What the model can’t tell you

Exact timing. The Fourier forecast estimates windows of months, not days. “May 2027” could be March or September.

Black swans. Regulations, exchange hacks, or a global recession aren’t in the historical residuals. The model assumes the future resembles the past — until it doesn’t.

The end of the pattern. A power law with R² = 0.96 over 15 years is impressive, but there’s no guarantee it continues. Bitcoin could saturate, adoption could stall, or a competitor could change the dynamics. The model describes what happened, it doesn’t promise what will.

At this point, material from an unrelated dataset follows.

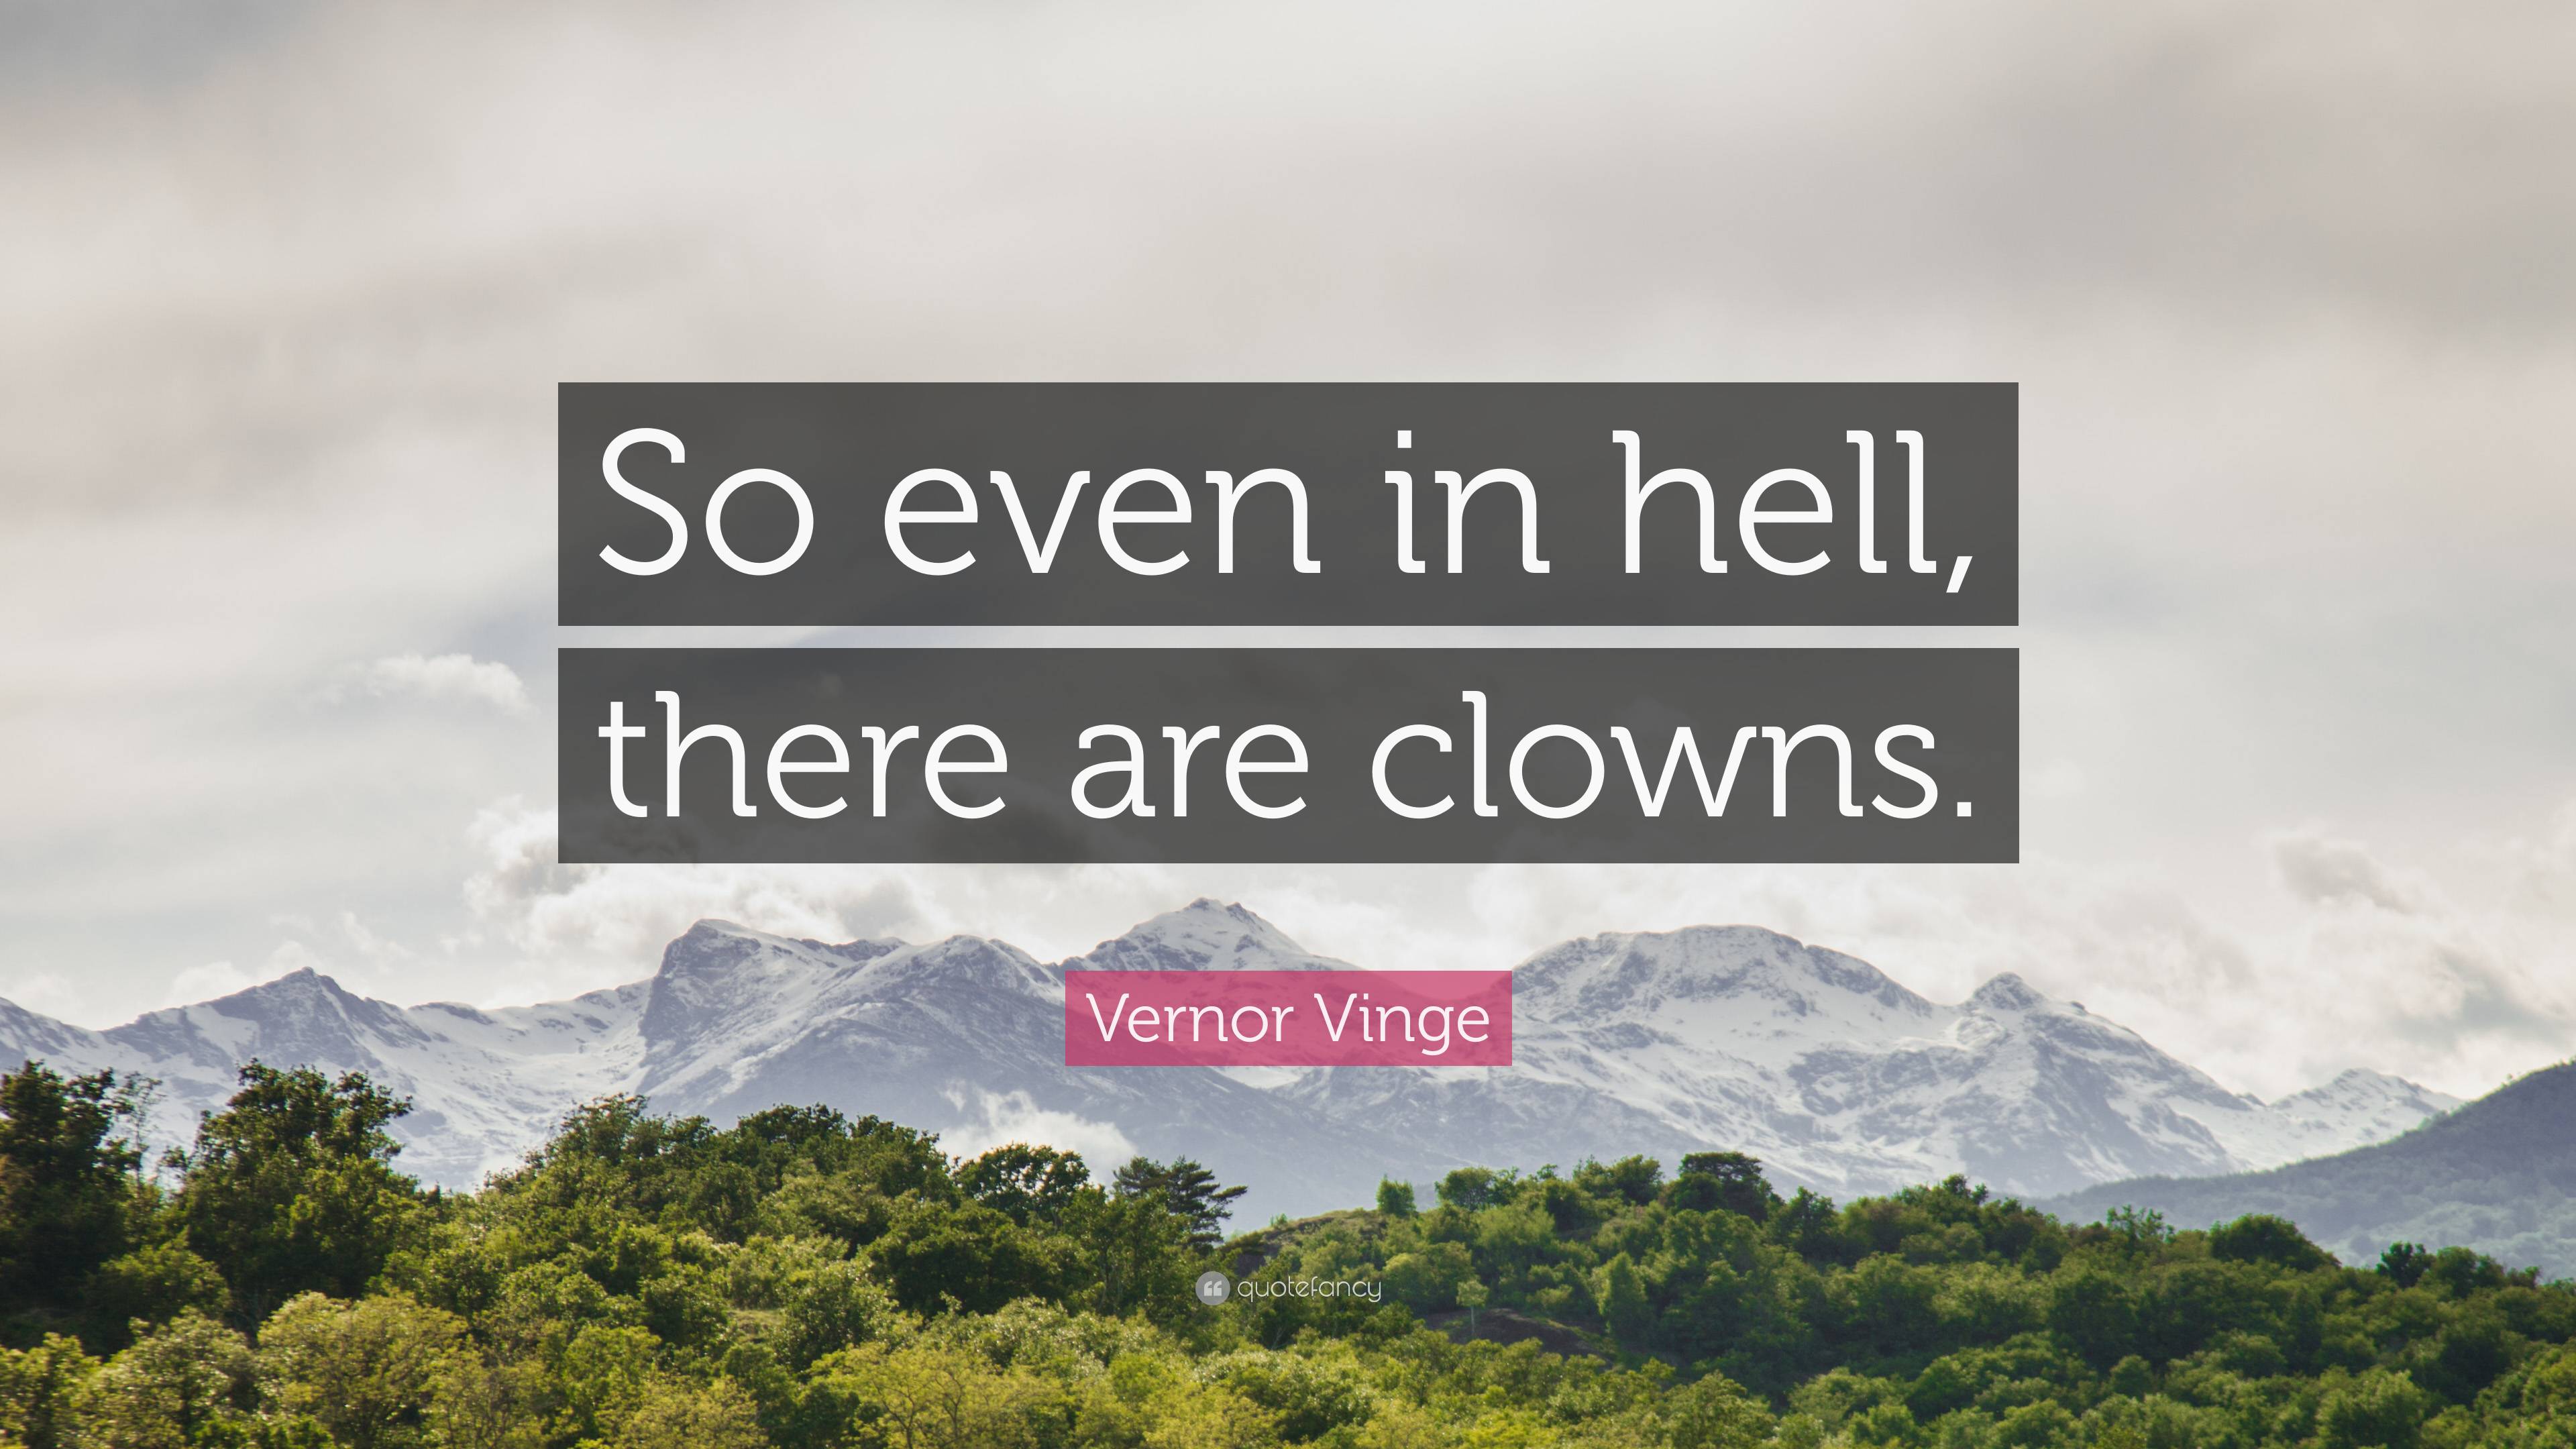 https://quotefancy.com/media/wallpaper/3840x2160/7462622-Vernor-Vinge-Quote-So-even-in-hell-there-are-clowns.jpg

Financial advice. This is a quantitative analysis tool built as a personal project. The signals are the output of a mathematical equation, not a certified analyst’s opinion.

The point

The math behind Bitcoin is more interesting than the speculation. A log-log regression, an FFT on the residuals, and a phase classifier produces a model that explains 15 years of history with R² = 0.96 and estimates future cycles within a reasonable margin.

It all runs in the browser. ~200KB gzipped. No server, no database, no subscription.

The tool is live at power-law-bitcoin.jiatech.com.ar.